Relative contributions (%) of biomass use for (A) solid-fuel cooking, (B) space heating, and (C) water heating and kerosene use for (D) lighting to annual ambient PM2.5 exposure at the district level at baseline, 2015.
Mitigation of Emission from Various Household Sources.
In 2015, the baseline year, 58% of districts in India had PM2.5 exposures above the NAAQS. The corresponding numbers are 68, 83, 98, and 99% for the WHO-IT1, WHO-IT2, WHO-IT3, and WHO guidelines, respectively (Fig. 4A). If the hypothetical ideal scenario (as seen in Fig. 4A) can be achieved, 103 more districts, housing 187 million people, would meet the NAAQS and ambient PM2.5 exposure would fall below WHO-IT1, IT2, IT3, and the WHO-AQG in 104, 75, 26, and 2 additional districts, respectively. Successfully achieving the less ambitious Progress A scenario would add 72 additional districts below NAAQS. The corresponding numbers for Progress M, Progress S, PC, PCL, and PCLS are 39, 11, 55, 61, and 86, respectively. In North Indian districts that do not meet Indian NAAQS standard even after achievement of the ideal scenario (n = 248), the annual ambient PM2.5 exposure comes within 10 µg m−3 of the NAAQS in 115 districts, especially in the central and eastern parts of the Gangetic Plain (Fig. 4B). Only the Delhi NCR and some districts of Northwest India remain out of attainment with the Indian NAAQS standard by >30 µg m−3––even under the ideal scenario. This may be due to the large share of dust (20, 21) and relatively larger (compared with the rest of the country) contributions of other outdoor sources (e.g., vehicular emission, crop waste, industry, and trash burning, etc.) to ambient PM2.5 concentrations in this region. Fig. 4B summarizes the remaining reductions needed to meet the Indian NAAQS after implementation of an ideal scenario.
Fig. 4.
(A) Percentage of districts where ambient PM2.5 exposure exceeds various guidelines before and after mitigation of household emissions. Definition of the scenarios in the y axis are provided in Table 1 and (B) annual PM2.5 exposure that needs to be further mitigated in each district after complete mitigation of household PM2.5 to achieve Indian standard in that district.
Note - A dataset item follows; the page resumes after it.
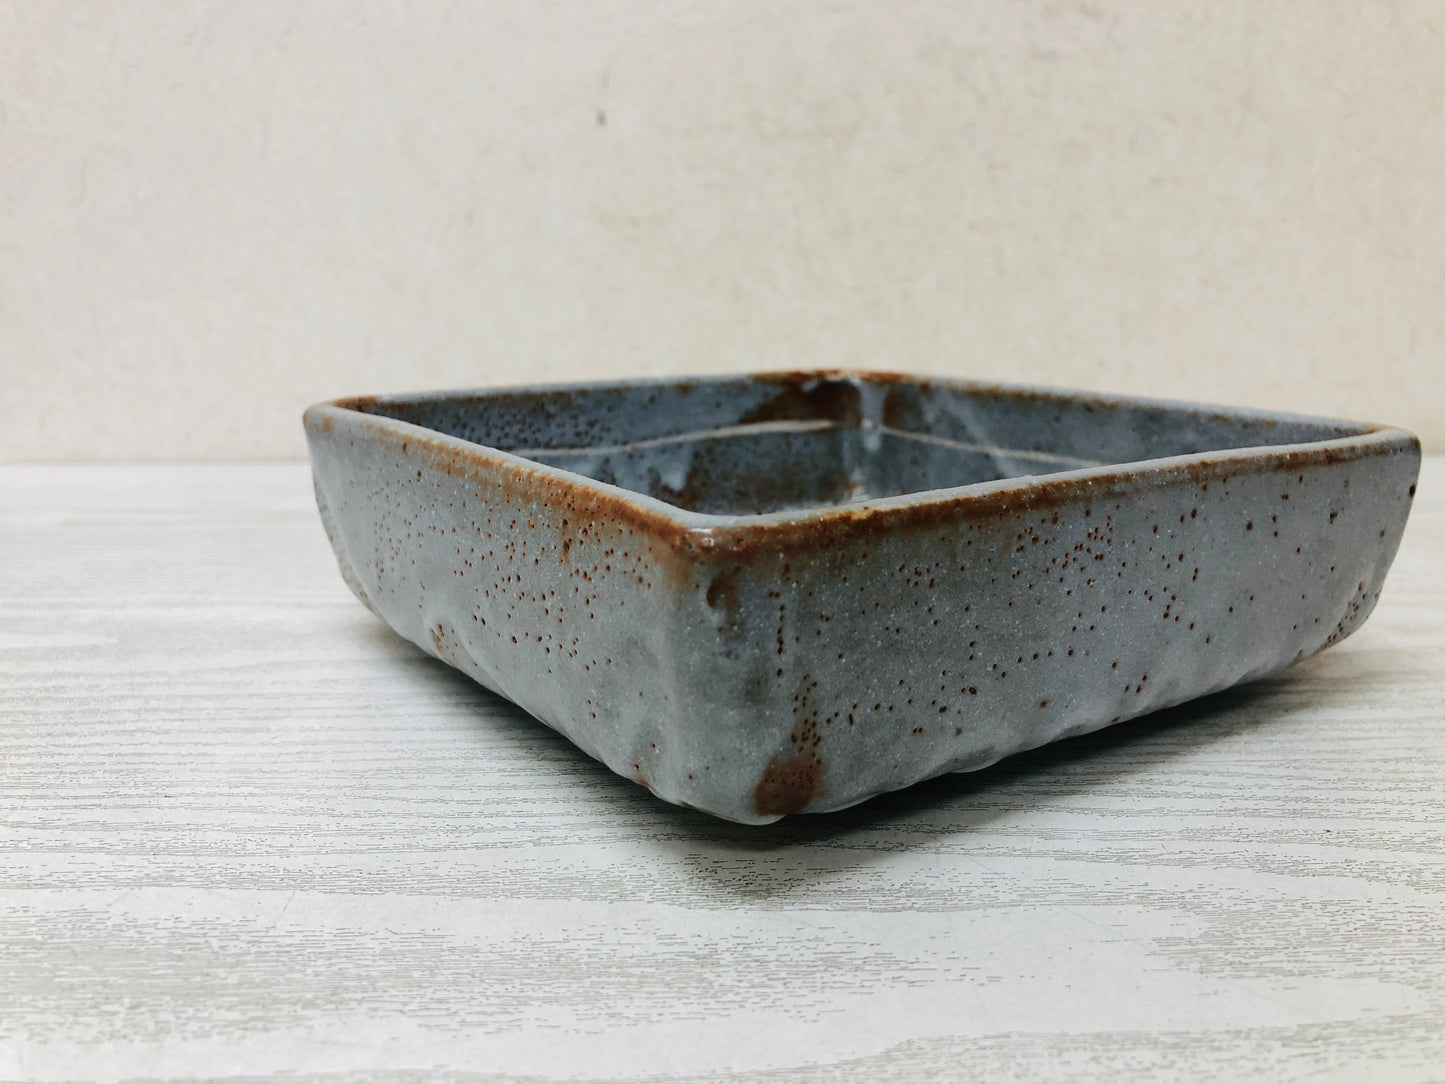 Y2903 CHAWAN Shino-ware Confectionery Candy Bowl signed box square Japan antique

The population-weighted, all-India mean annual ambient PM2.5 exposure decreases from 55 to 45 µg m−3 (a 17.6% decrease) if PC is achieved and to 45 µg m−3 if the PCL scenario is realized (Fig. 5). If space-heating emissions are additionally mitigated as in PCLS, the all-India mean annual ambient PM2.5 exposure drops to 41 µg m−3; and, further, to 38 µg m−3 (below the NAAQS) if the ideal scenario is achieved. Achieving the least ambitious scenario, Progress S would only reduce the average population-weighted PM2.5 by 2 µg m−3 from the baseline year. Pursuing the more ambitious pathways––Progress M and Progress A––would reduce the population-weighted PM2.5 exposure by 21 and 13%, respectively.
Fig. 5.
Changes in population-weighted mean ( shown by error bars) annual ambient PM2.5 exposure (Top) and percentage averted premature mortality based (Bottom). The range of baseline PM2.5 estimate is shaded in the top; the mean value is indicated by the dotted line. The dashed horizontal line in the top represents the Indian NAAQS. See text for details.
Expected Health Benefit.
We estimate expected health benefits (Fig. 5) in terms of the percentage of premature deaths, relative to baseline premature mortality, that could be averted if our scenarios are implemented. Estimates are made with both the integrated exposure-response functions (22) and a linear risk function (SI Appendix, Attribution Method). Scenarios are described in detail in Table 1 and the results summarized in Fig. 5. Briefly, those labeled with a P represent complete displacement of unclean fuels for cooking (C), space heating (S), and lighting (L) in various combinations.
Premature mortality due to ambient PM2.5 exposure is estimated to be 0.88 (95% UI 0.3–1.5) million at baseline (the method used to estimate premature mortality is described in SI Appendix). This material contains details of household emission estimates and modeling. Following the optimal scenarios PC, PCL, and PCLS would avert 7, 7, and 11%, respectively, of premature deaths across India annually from reduction of ambient exposures. Achieving the hypothetical ideal scenario could result in avoiding 13% of the all-India premature mortality burden. The more realistic scenarios (Progress A and Progress M) would avert an estimated 8 and 5% of the total premature mortality burden, respectively. The least ambitious Progress S scenario would avoid only 2% of the premature mortality at baseline. Using the Attribution method, we estimate that 270,000 (95% UI, 69,000–487,000) premature mortality can be averted per year under the ideal scenario.
Discussion
As of early 2016, around 43% of the Indian population (23) was still dependent on solid fuels for cooking, heating, and other household energy services. In this paper, we demonstrate the exposure and health benefits of mitigating household emissions sources on ambient air pollution exposures using several scenarios. Given that household PM2.5 exposures in India are about three times higher than ambient exposures in many parts of the country (24), however, there would be additional and substantial benefits for households as well, where direct exposures to solid-fuel combustion by-products are high. These are not estimated in this assessment, however.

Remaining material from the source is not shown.